Unit 1 Research Methods

Cards (4)

  • LAB EXPERIMENT - Scientifically controlled environment, untypical for natural behaviour, researchers invite participants, cause and effect of IV + DV by high exercise of control over eliminating extraneous variables, best for behaviour unaffected by environment (memory test)

    P: Cause and effect between IV & DV for (internal) validity.

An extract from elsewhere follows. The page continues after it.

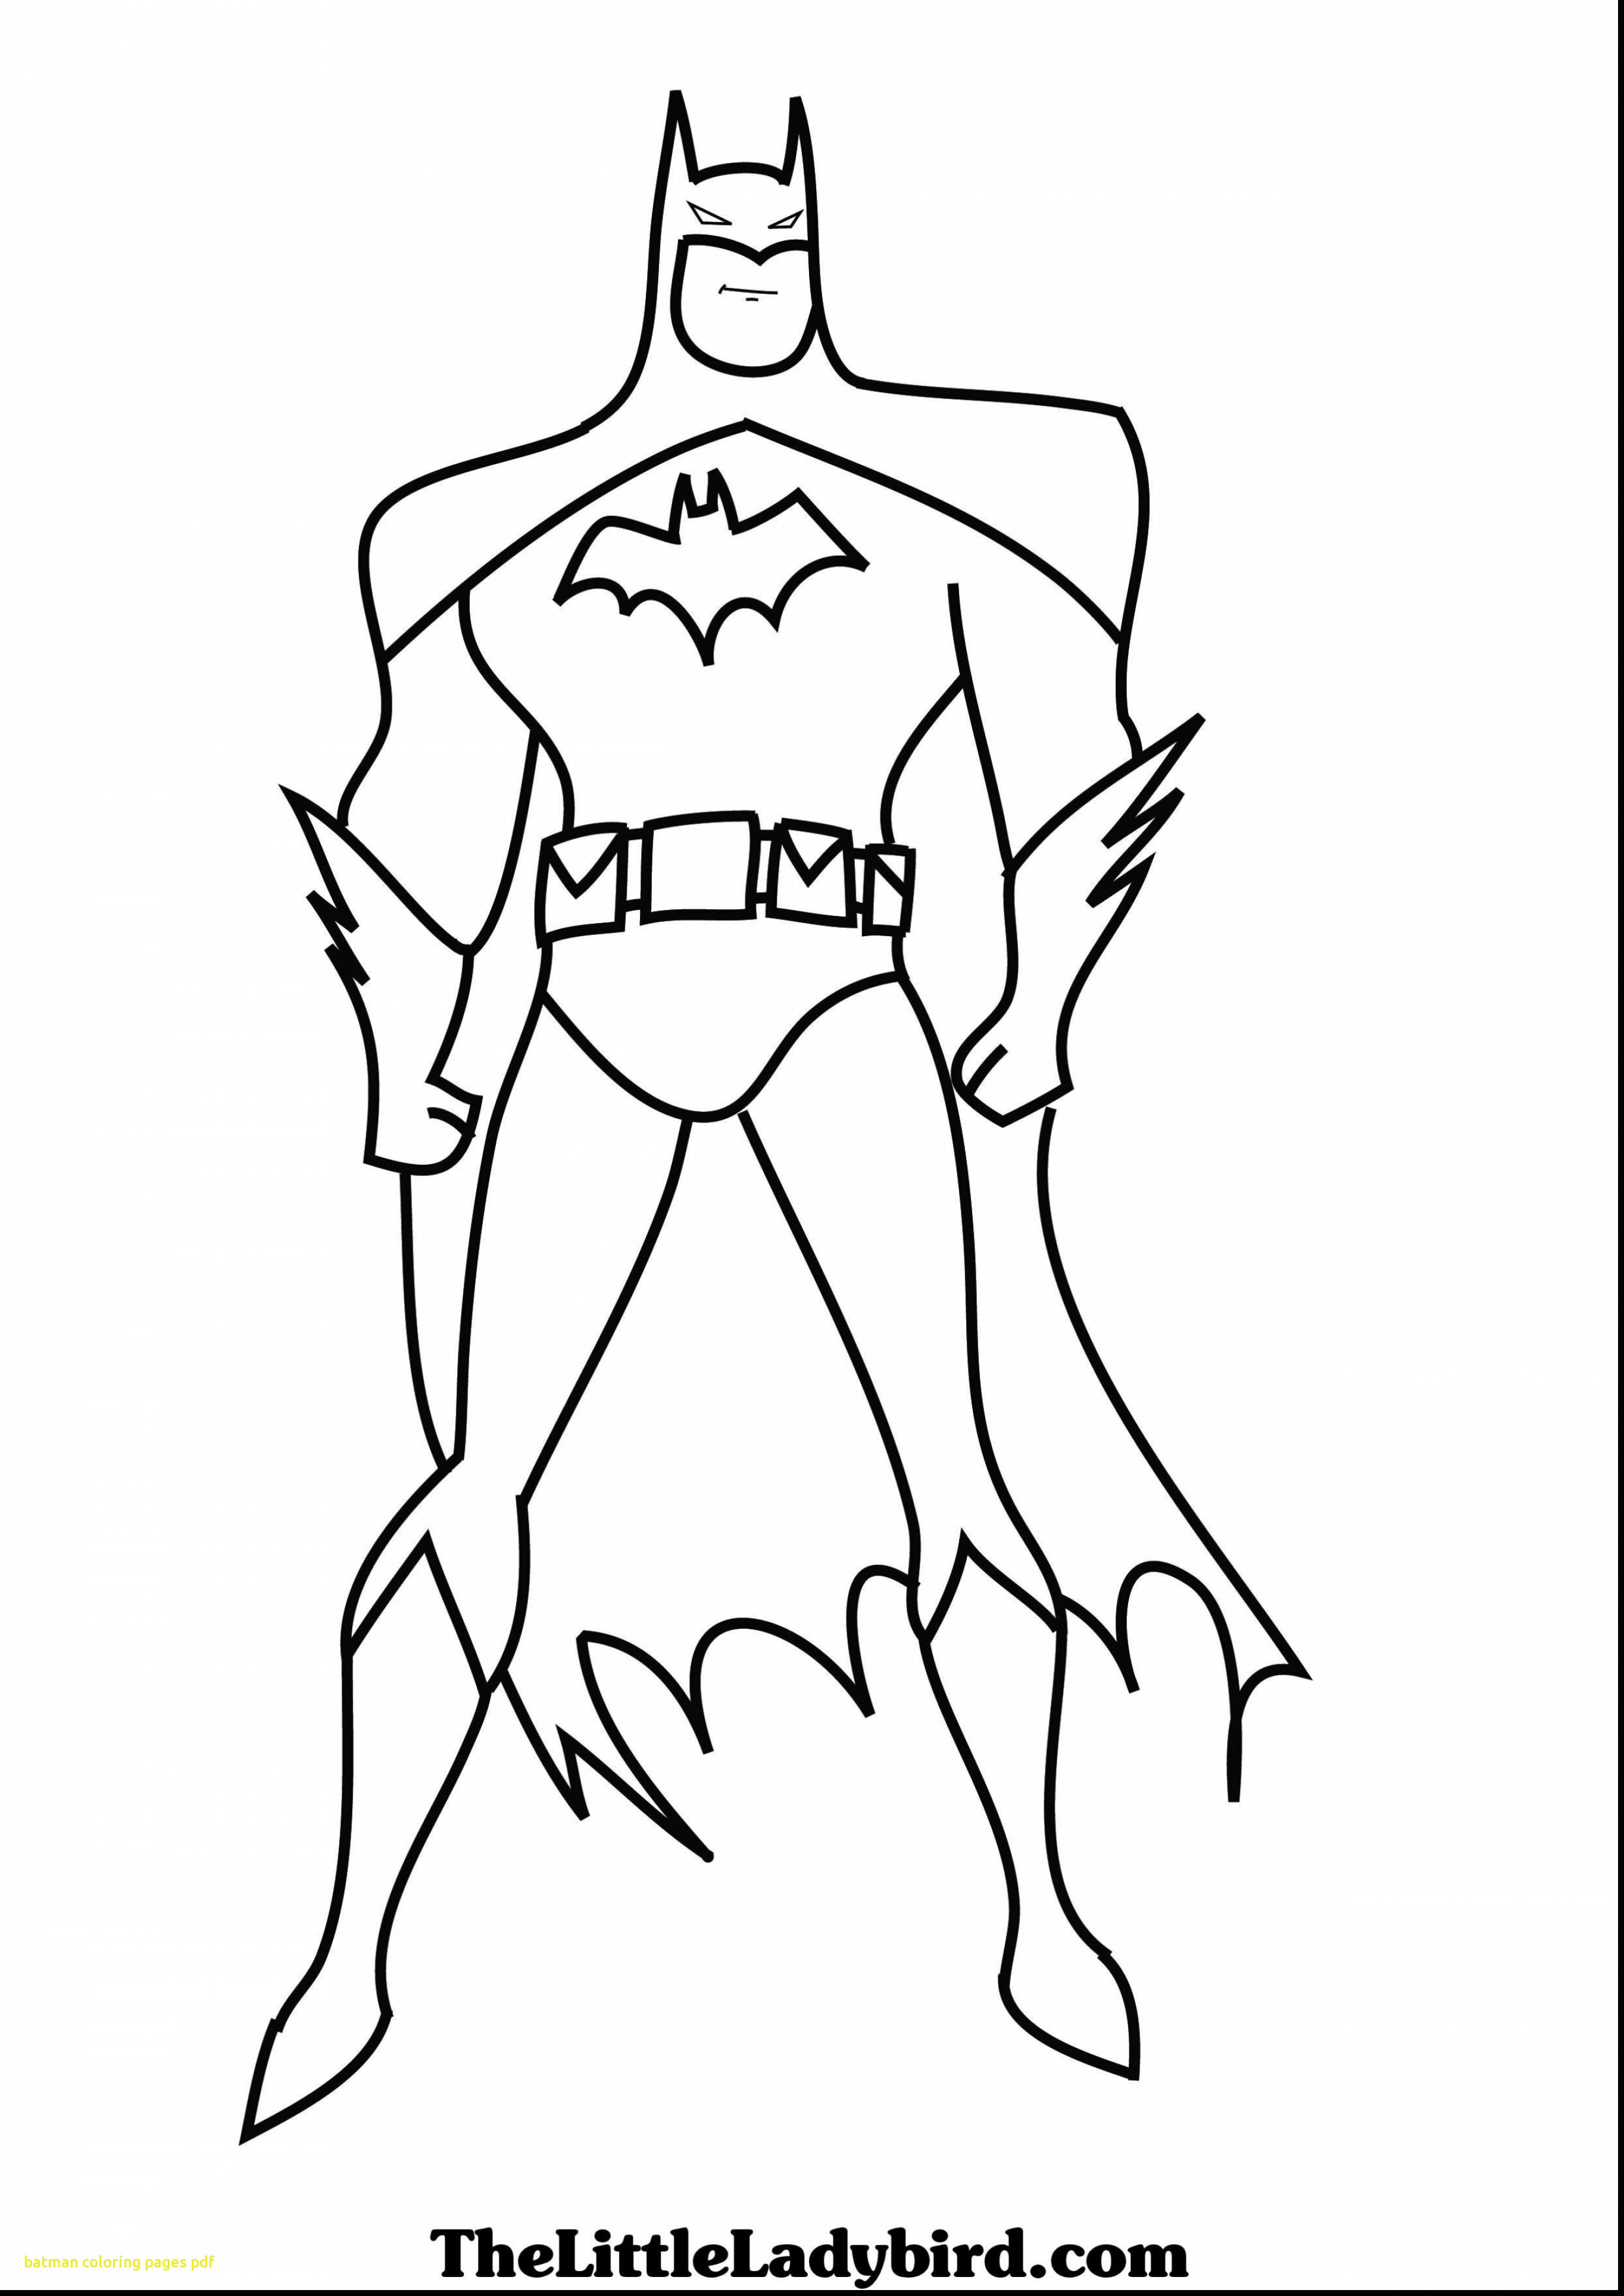 printable-coloring-pages-batman-customize-and-print

    C: Invited participants may have demand characteristics
    C: "Reductionist" - oversimplifying something complex; ignoring other variables that could be involved
  • FIELD EXPERIMENTS - Natural environment; unpredictable so not as high control of extraneous variable, IV manipulated by researcher and DV measured, overt or covert (participants may(not) be aware), best for behaviour in natural environment i.e conformity, obedience
    P: High ecological validity - generalisable to target population, less demand characteristics.

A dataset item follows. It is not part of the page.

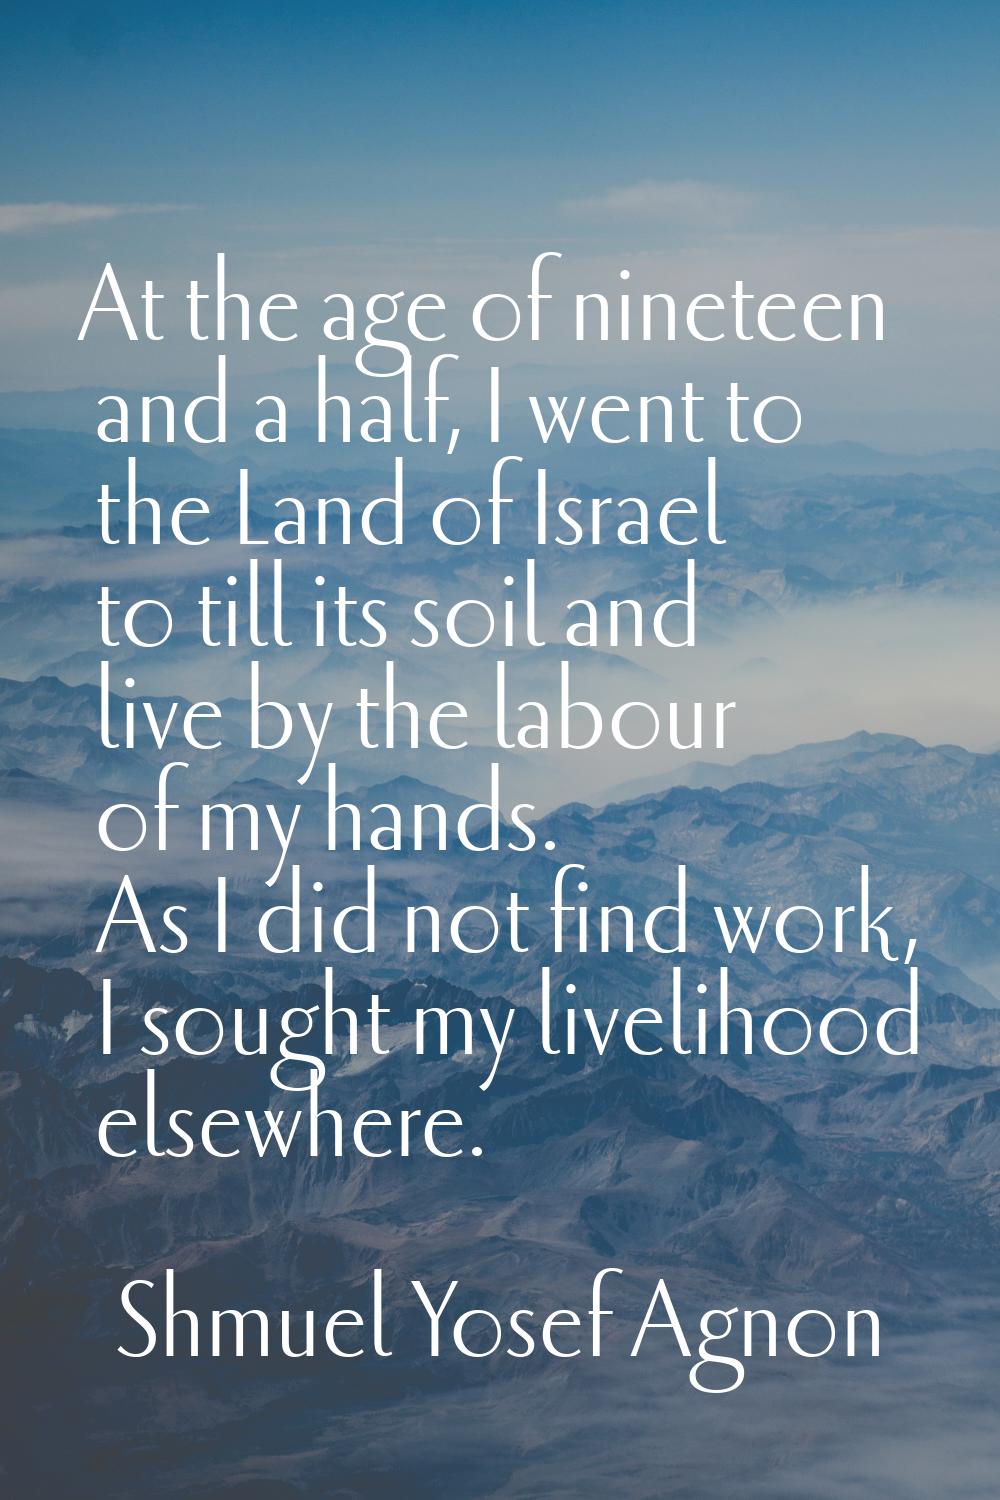 At the age of nineteen and a half, I went to the Land of Israel to till its soil and live by the la

    C: Unpredictable so not all extraneous variables controlled, may bias/confound results. Confounding variables e.g age and sample bias without random allocation.

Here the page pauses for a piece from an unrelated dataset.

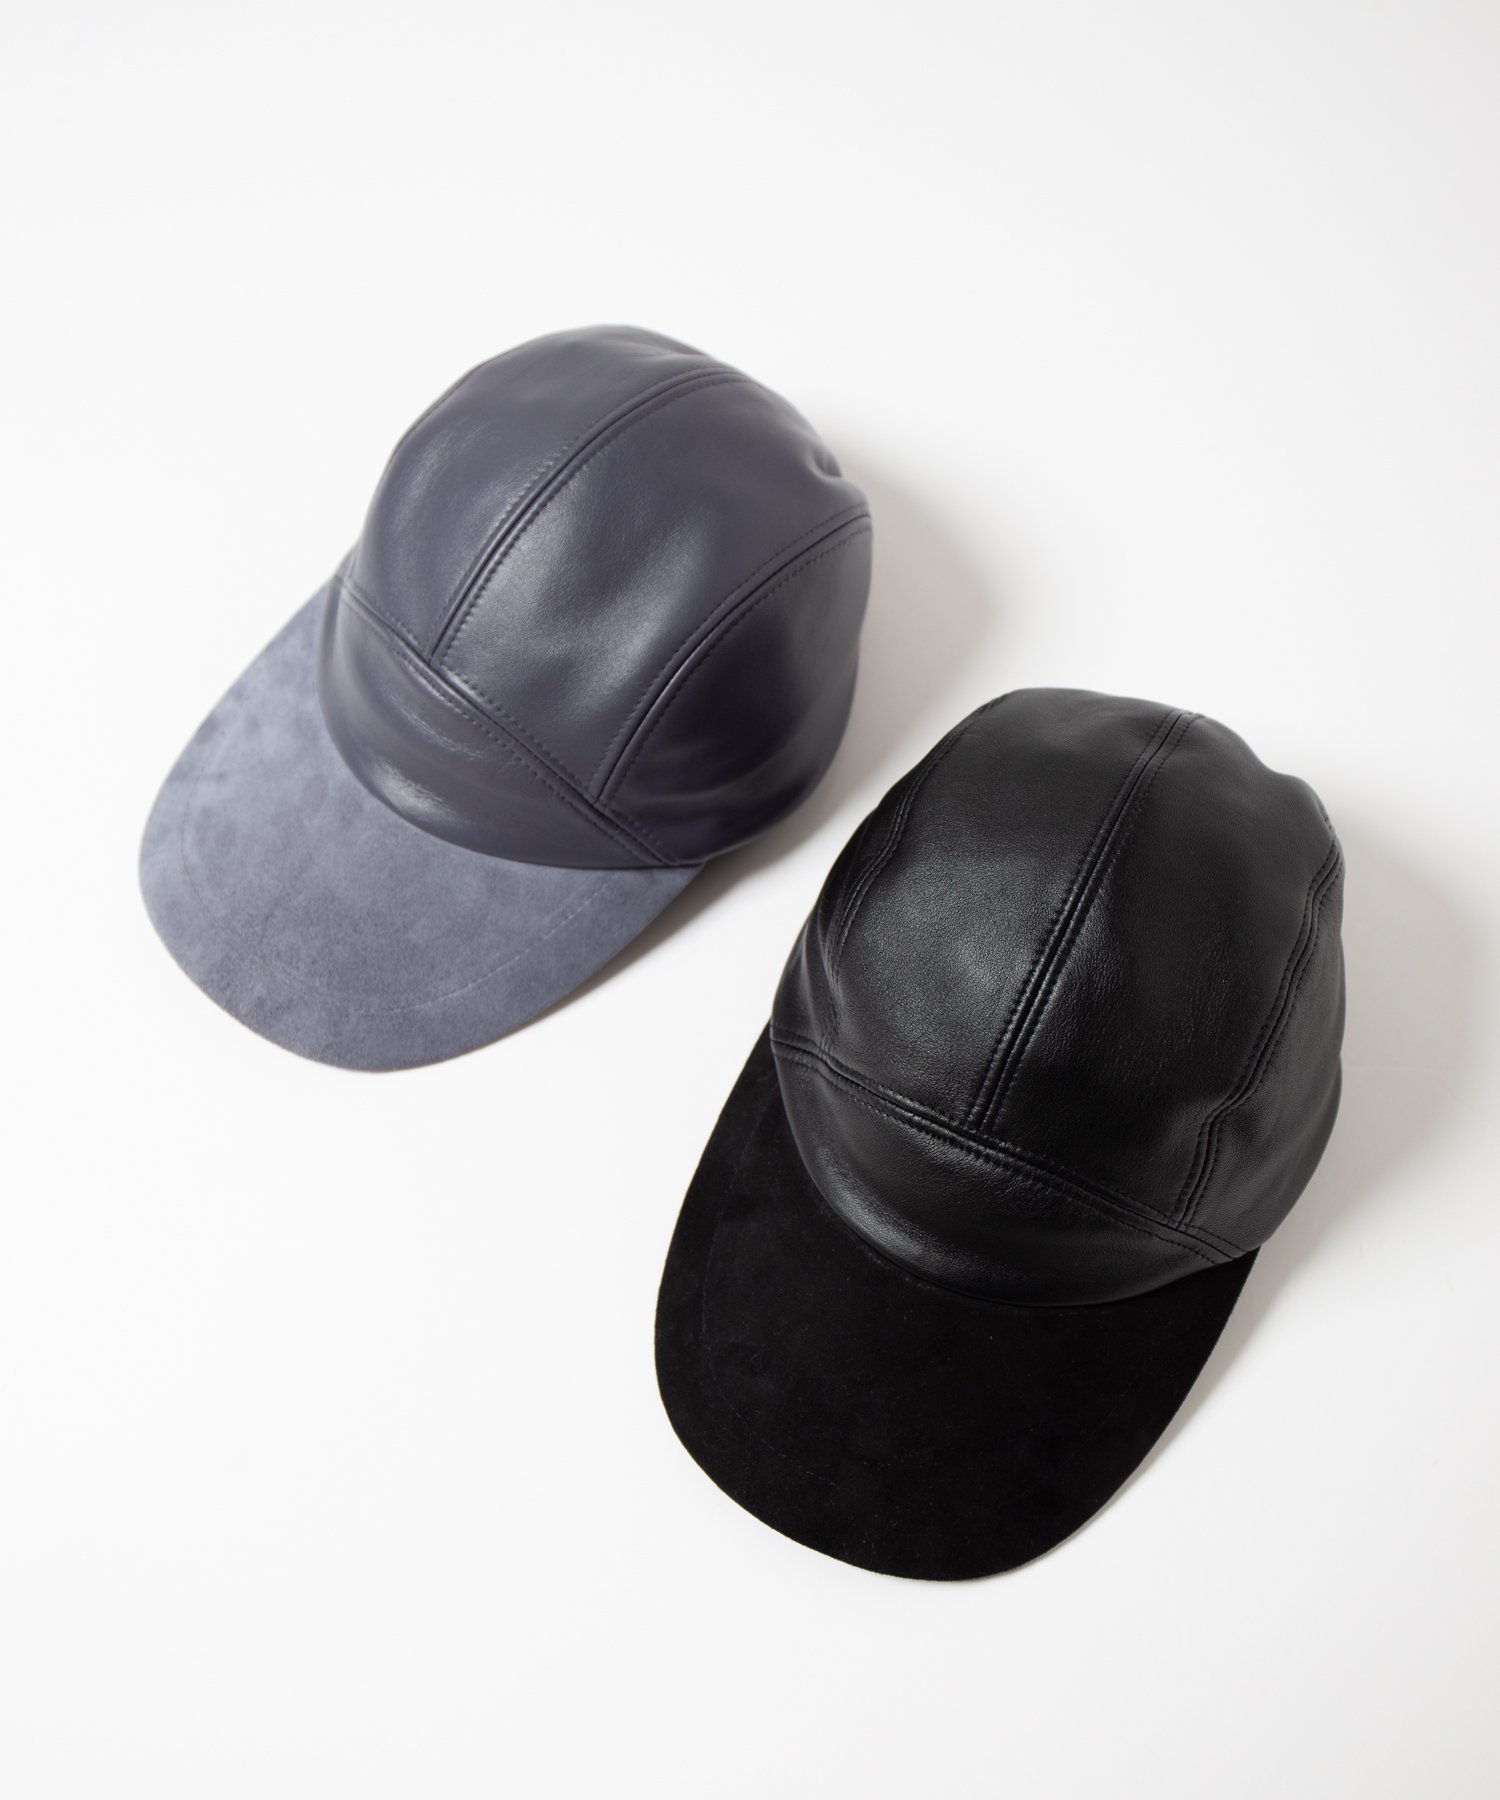 <img class='new_mark_img1' src='https://img.shop-pro.jp/img/new/icons15.gif' style='border:none;display:inline;margin:0px;padding:0px;width:auto;' />【Indietro Association】 Leather Jet Cap / レザージェットキャップ

    C: Breaches ethics: informed consent, right to withdraw.
  • NATURAL EXPERIMENT - IRL environment, IV + DV without manipulating IV as it naturally happens, opportunist unique and naturally occurring solutions otherwise hard or unethical to set up e.g: smoking banned, investigators reported 60% drop in heart attacks; no scientists can directly change something, but it rather naturally influences an effect in IV)
    P: real and naturalistic enviorment
    C: No random allocation to conditions of IV; participant variables e.g personality confounds findings
    C: Extraneous variables difficult to control
    NOTE: covert or overt
  • Types of Validity:
    (Internal) Validity -  the measures were what they were supposed to measure.
    External Validity - the findings are generalisable to the target population - look at sampling method: can’t generalise sample until you repeat. Also, stratified sampling is good because represents even small percentage of population.
    Validity in Design - how participants allocated to groups can lead to validity issues.
    NOTE: If sample error (differing in intended qualities from target population) occurs, the findings of research are untrue of target population, affecting external validity.